His scholarship on standard-essential patents, and the role of antitrust law in policing the use of intellectual property, is just one example. Since at least 2013, Judge Ginsburg has been warning that the use of antitrust law in this area can have an unnecessary, stifling effect on innovation. He has written that courts assessing a contractual commitment to charge FRAND rates, or weighing the public interest in an injunction against products infringing on standard-essential patents, have all the legal tools they need. They do not need the Sherman Act and the threat of treble damages. These conclusions that have been echoed by our Assistant Attorney General, Makan Delrahim.
Judge Ginsburg’s scholarship is only one of the factors that ensures that his legacy in antitrust will be lasting. Another is the number of his former clerks and students who have gone on to become successful practitioners of antitrust themselves. For instance, focusing close to home, my colleagues Taylor Owings, Counsel in our Front Office at the Antitrust Division, and Daniel Haar, Assistant Chief in the Division’s Competition Policy and Advocacy Section, both clerked for the Judge earlier this decade. (And now is as good a time as any to thank them both for their assistance with these remarks). I should also mention one of Judge Ginsburg’s more famous former clerks—Deputy AG Rod Rosenstein. He’s not an antitrust lawyer by training, but as second-in-command at the Justice Department he oversees the work of the Antitrust Division.
Not only is Judge Ginsburg helping to cultivate the next generation of antitrust thinkers at home, but he is also working to do it abroad. He is a leader of George Mason’s Global Antitrust Institute, which provides education and comments to competition authorities around the globe. Judge Ginsburg thus continues directly to promote the idea that competition law enforcement decisions should be based on sound economic principles.
The Institute has provided comments on the detrimental effects of antitrust exemptions, on how antitrust has been misapplied to FRAND licensing disputes, and on how enforcement agencies should not use settlement procedures to advance non-competition goals, among other worthy topics. No less important, Judge Ginsburg and others in the Institute have worked to train judges around the world in the economics necessary to reach sound decisions in competition law cases.
We at the Antitrust Division share in Judge Ginsburg’s goal of driving toward international consensus on the economic principles that underpin antitrust law.
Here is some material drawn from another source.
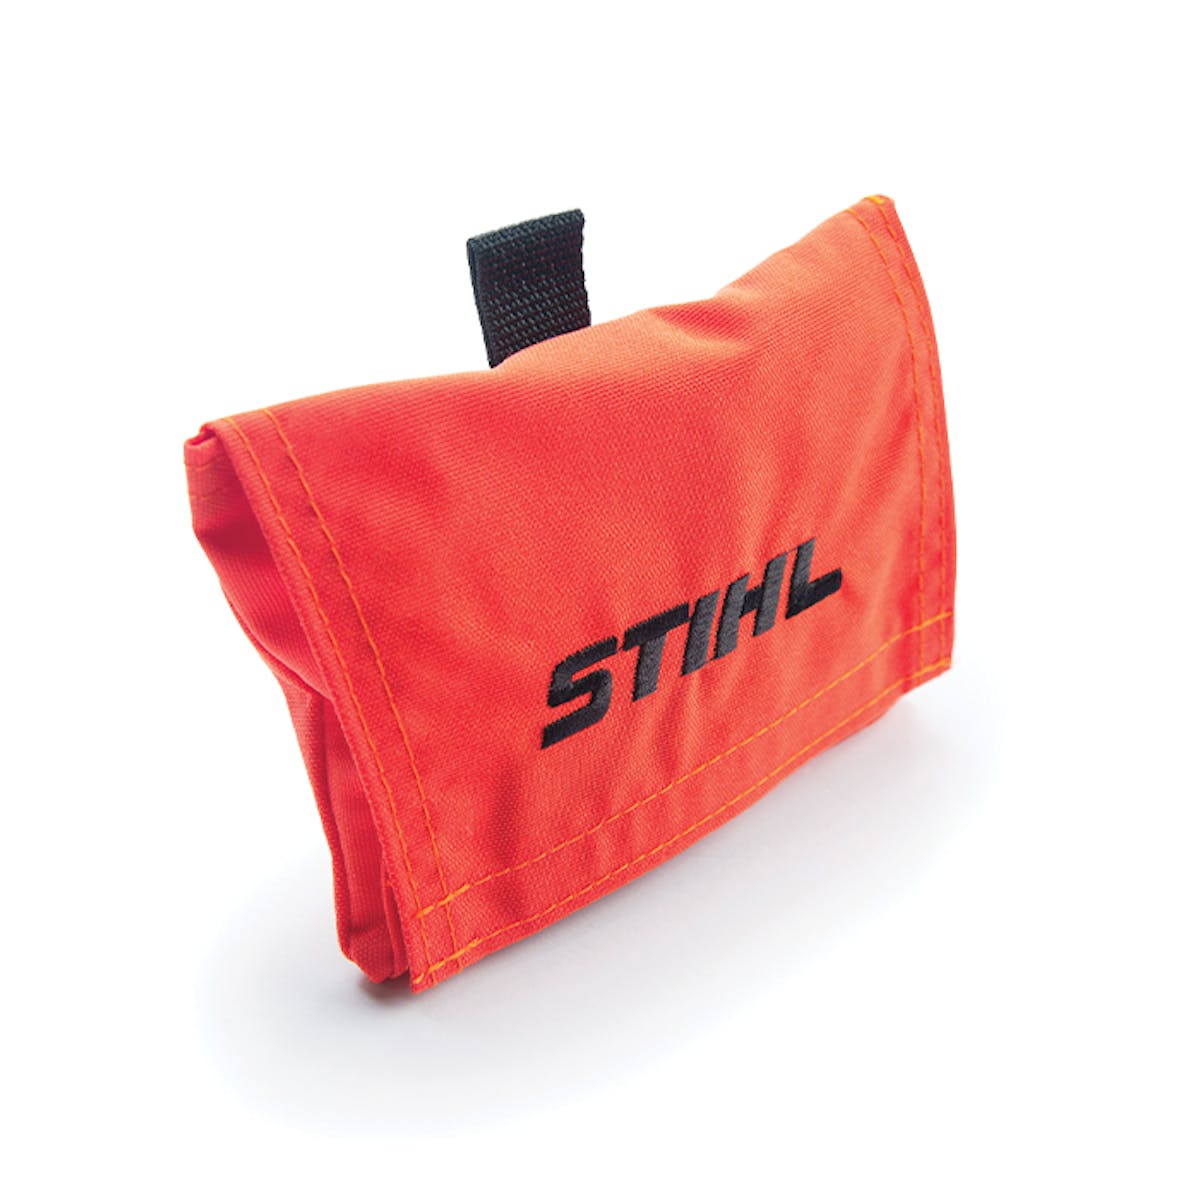 Kit de primeros auxilios de bolsa de cinturón STIHL

We also share a deep commitment to ensuring due process for companies facing competition law proceedings around the world. Judge Ginsburg has written and spoken to international antitrust audiences on the merits of certain due process protections like transparency and the right to confront evidence. These are goals the Antitrust Division embraces, and we are doing our best to encourage competition agencies around the world to commit to these and other basic principles.
Today’s conference, and the volume that celebrates his antitrust legacy, demonstrates that Judge Ginsburg does not need the official title of a U.S. antitrust enforcer in order to wield influence over the future of the global economy. His leadership as a luminary is a permanent position. Our field of law is better off for it, as are the interests of consumers worldwide. We live in a more efficient, innovative, just, and principled world as a result of Judge Ginsburg’s efforts. Thank you, Judge Ginsburg, and congratulations.